One company that’s been particularly active is IST Research Corp., an engineering and technology firm that in January was awarded a $99.7 million contract to support the U.S. Department of State. In July, it received a five-year, $66 million contract from the General Services Administration (GSA).
Fredericksburg also is a center for health care in the region, with Mary Washington Healthcare employing more than 4,000 workers across a not-for-profit regional system with two hospitals and three emergency departments.
The city is also a bustling center of commerce for the region, with Central Park and other surrounding destination venues for shopping and dining. Spotsylvania Towne Center, directly across from Central Park, offers more than 150 specialty stores and restaurants.
Freehling also points out that the former downtown headquarters of the Free Lance-Star newspaper is undergoing a $90 million redevelopment into offices, restaurants, apartments and a hotel. The project is being handled by companies affiliated with local developers Tom and Cathy Wack and Vakos Cos.
While Fredericksburg has prospered through its proximity to Northern Virginia, that bond will likely grow stronger in the years to come, thanks to about $1 billion in public and private transportation projects in the Fredericksburg region that will unfold over the next several years.
But one of the most anticipated projects in the area will take on one of its greatest struggles — high traffic volumes.

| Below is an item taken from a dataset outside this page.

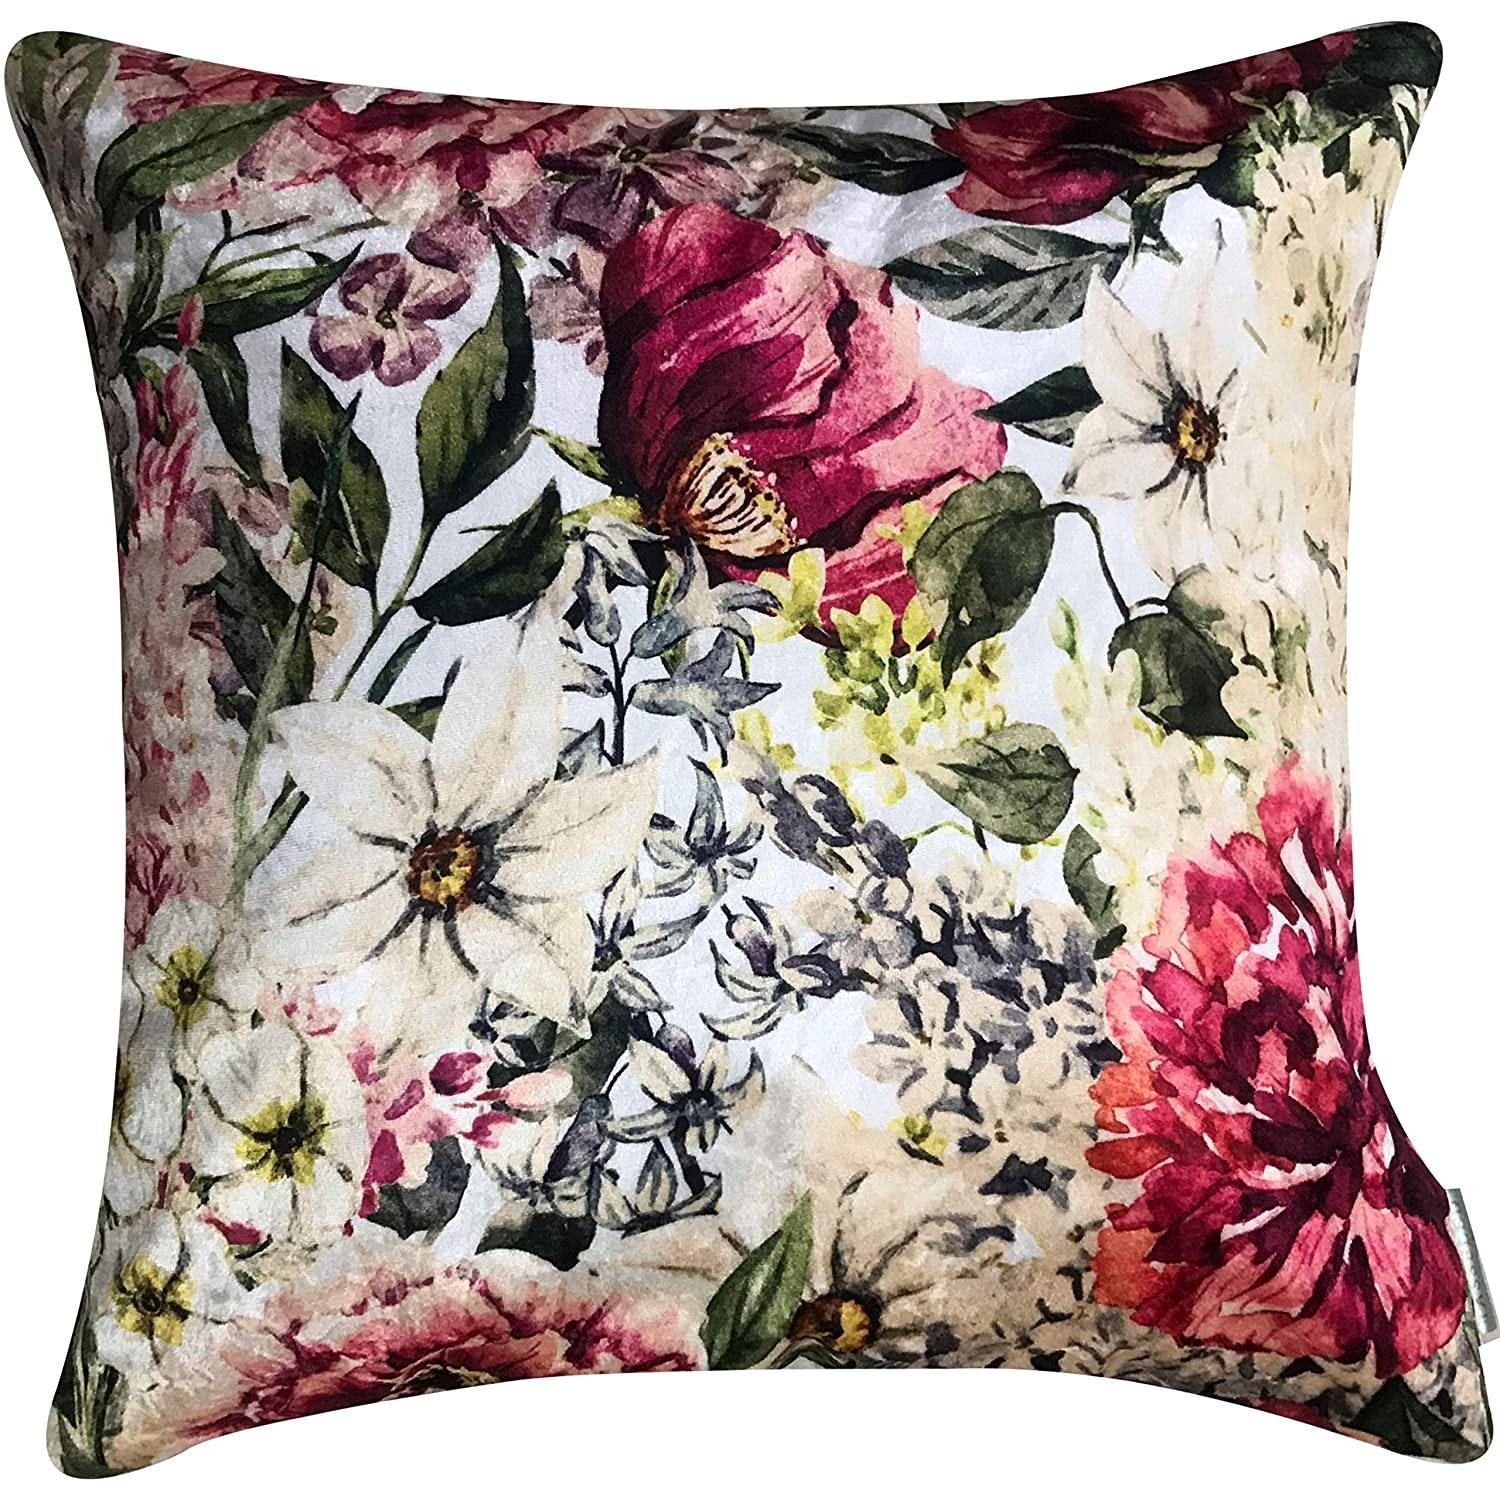 Marina Blossom Crushed Velvet Cushion Cover (Multicolour, 20 x 20 inch)

The I-95 commuter corridor between Washington, D.C., and U.S. 17 in Stafford was dubbed the “worst single traffic hotspot” in the country a few years ago by INRIX Roadway Analytics, a global transportation data company.
“It was nothing new to us,” says Fredericksburg District Engineer Marcie Parker. “We already knew that.”

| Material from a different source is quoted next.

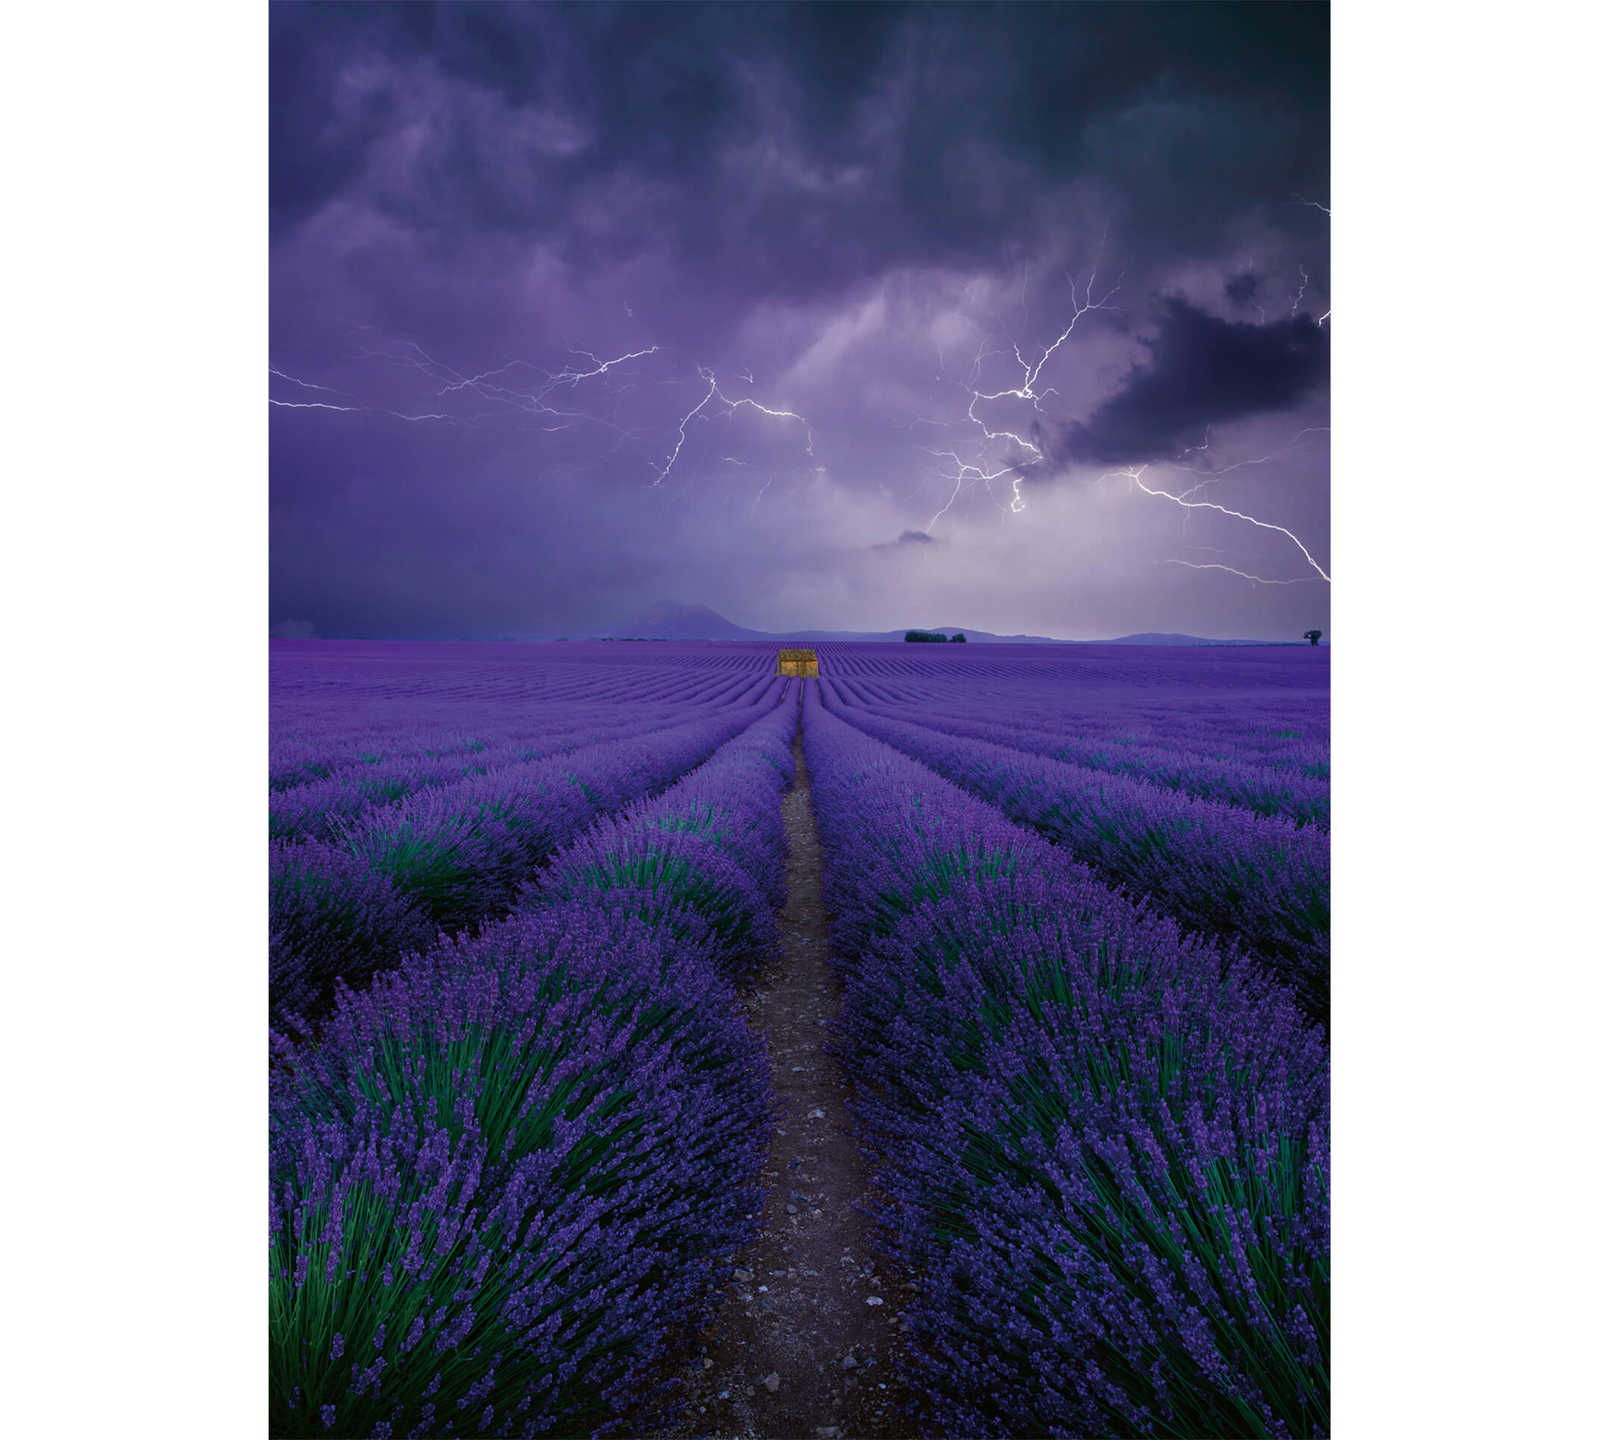         Fototapete Feld mit Lavendel – Violett, Grün, Braun

Expected to open in 2022, the Fredericksburg Extension (Fred Ex) will offer traffic relief via a $565 million, 10-mile extension of area Interstate 95 express lanes south to Exit 133. The lengthened lanes will connect with the I-395 Express Lanes to create a connected corridor spanning nearly 50 miles from Fredericksburg to the D.C. line.
Transurban, an Australia-based toll-road operation company with its U.S. headquarters in Alexandria, is funding the construction through a public private partnership with state government. Transurban will operate and maintain the express lanes and charge variable toll rates for using the lane in a contract that extends until 2087.
Developers say the extension will provide 66% more capacity on Interstate 95 during peak periods and move 30% more people and 23% more vehicles compared with existing conditions.
Other major area highway projects include two new bridges, each costing an estimated $132 million: the I-95 Northbound and Southbound Rappahannock River Crossings. The two new bridges will be built between existing I-95 bridges over the Rappahannock, providing for improved traffic movement through the region. The northbound crossing is being funded through a $277 million payment from Transurban to the state government to advance transportation projects along the I-95 corridor.
Parker says the new express lanes, bridges and other transportation work in the Fredericksburg region represent the largest body of highway improvements since I-95 was built and later widened.
“I feel these projects are going to be transformational for the area. It’s going to help the traffic move better than it has in the last 20 to 30 years,” Parker says.
The projects almost surely will bring new growth to the Fredericksburg region: more people, more jobs, more tourists, more change.
“It’s become so urban,” Greenlaw says, “but it pleases me that, despite the fact the city is twice the size it was when I finished high school, it’s still managed to maintain its character. I walk down the street and open my eyes and close my eyes, and it looks like my hometown. It feels like my hometown.”